"Rachael Hegarty's Dancing with Memory is a unique suite of poems -
and of dances - where a parent's dissipating memories are renewed and
reoccurred in vivid, tender and honest verses that span a lifetime. Shot
through with love, these poems not only recreate memories slipping away
from a mother afflicted by dementia, but grow into a social portrait of
Irish working class life over the past century through a mosaic of
memories. Each moment is framed amid the swirl of a new dance, from
Charlestons danced in wartime inner city flats to new crazes embraced as
each turbulent decade passes, bringing joys and afflictions. It is a
beautifully rendered tribute to a woman whose dance card in life was
always full: a compassionate collection that conjures its own
soundtrack, culled from a well-lived life." -- DERMOT BOLGER
"Terpsichore is the Muse of Dance, one of the nine Muses, those
daughters of Memory; and Terpsichore is surely the guardian spirit in
Rachael Hegarty's new collection of poetry. Here is a biography of her
mother, Bernadette, charted through dance as it moves through the
mother, the culture, the city of Dublin. And through the generations.
We dance with Bernadette through the beats, the steps, the stomps, the
swings, the glides, the verve of these lines of poetry. We share the
childhood, the coming to womanhood, the early motherhood, the glorious
rambunctiousness of her large brood, the loneliness of her widowhood,
through her bleak times and times of joy.

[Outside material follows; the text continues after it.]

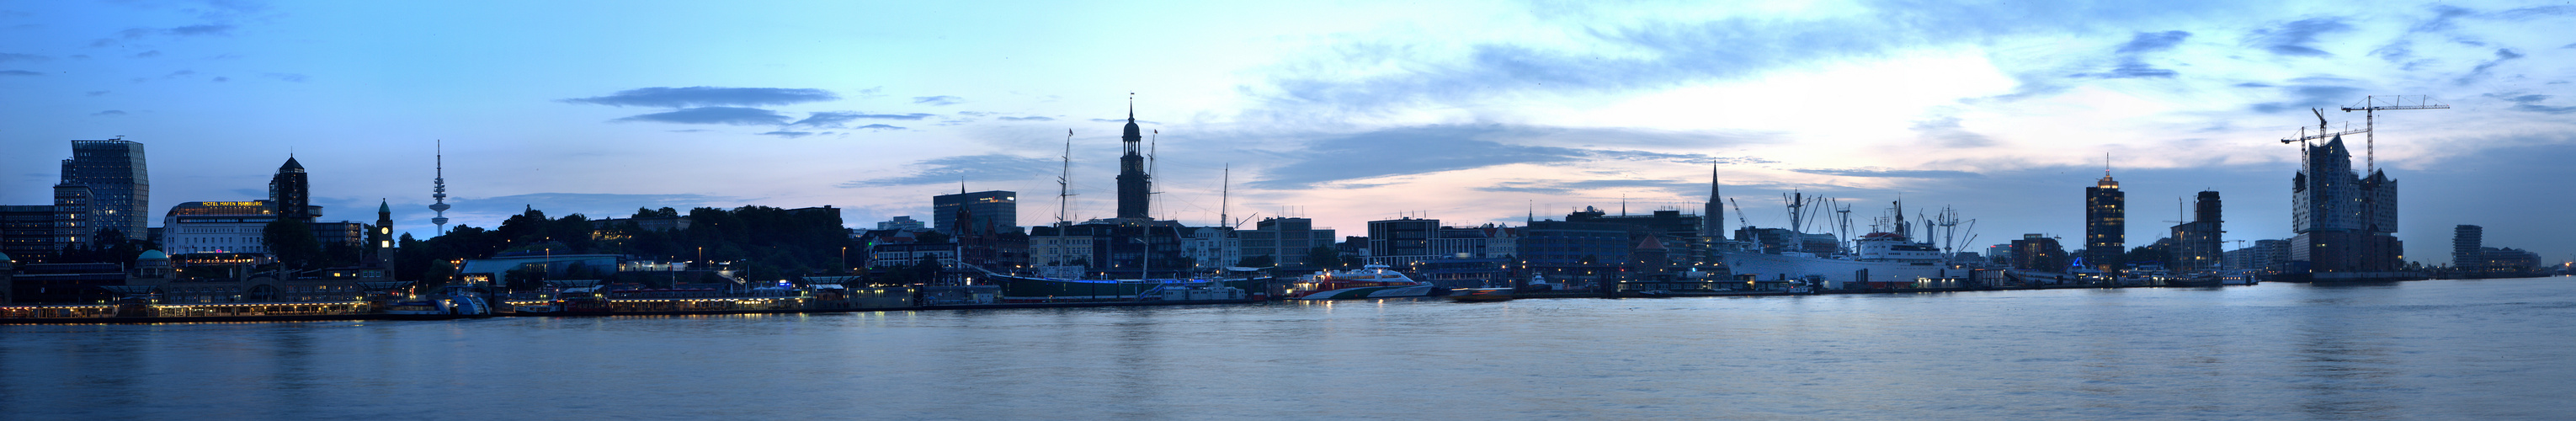 Early Morning Hafen Hamburg

When Bernadette begins her
amnesiac journey into dementia, Rachael Hegarty's act of remembrance
comes home to us in its full significance: the poet become the mother's
memory keeper.
The work is cast in the enduring lyric patterns of sonnet & villanelle,
These inherited patterns, whose roots go back to folksong, allow for a
powerful formal enshrining of that life. They scan Bernadette from the
cradle in 1937 to the announcement of lockdown in the spring of 2020,
when she is already in a care home. Traditional forms, contraptions of
memory themselves, have the accumulated power of centuries behind them,
and in Rachael Hegarty's deft hands are fit and noble vehicles for
witness.
In this age of transition, when we are handing authority for memory to
the machines, where we have governance by metadata, one of Poetry's
destinies is to continue to dignify human memory, to value its
retrievals, to build an archive of individual truth. In this new work
Rachael Hegarty puts all her considerable craft & art at its service."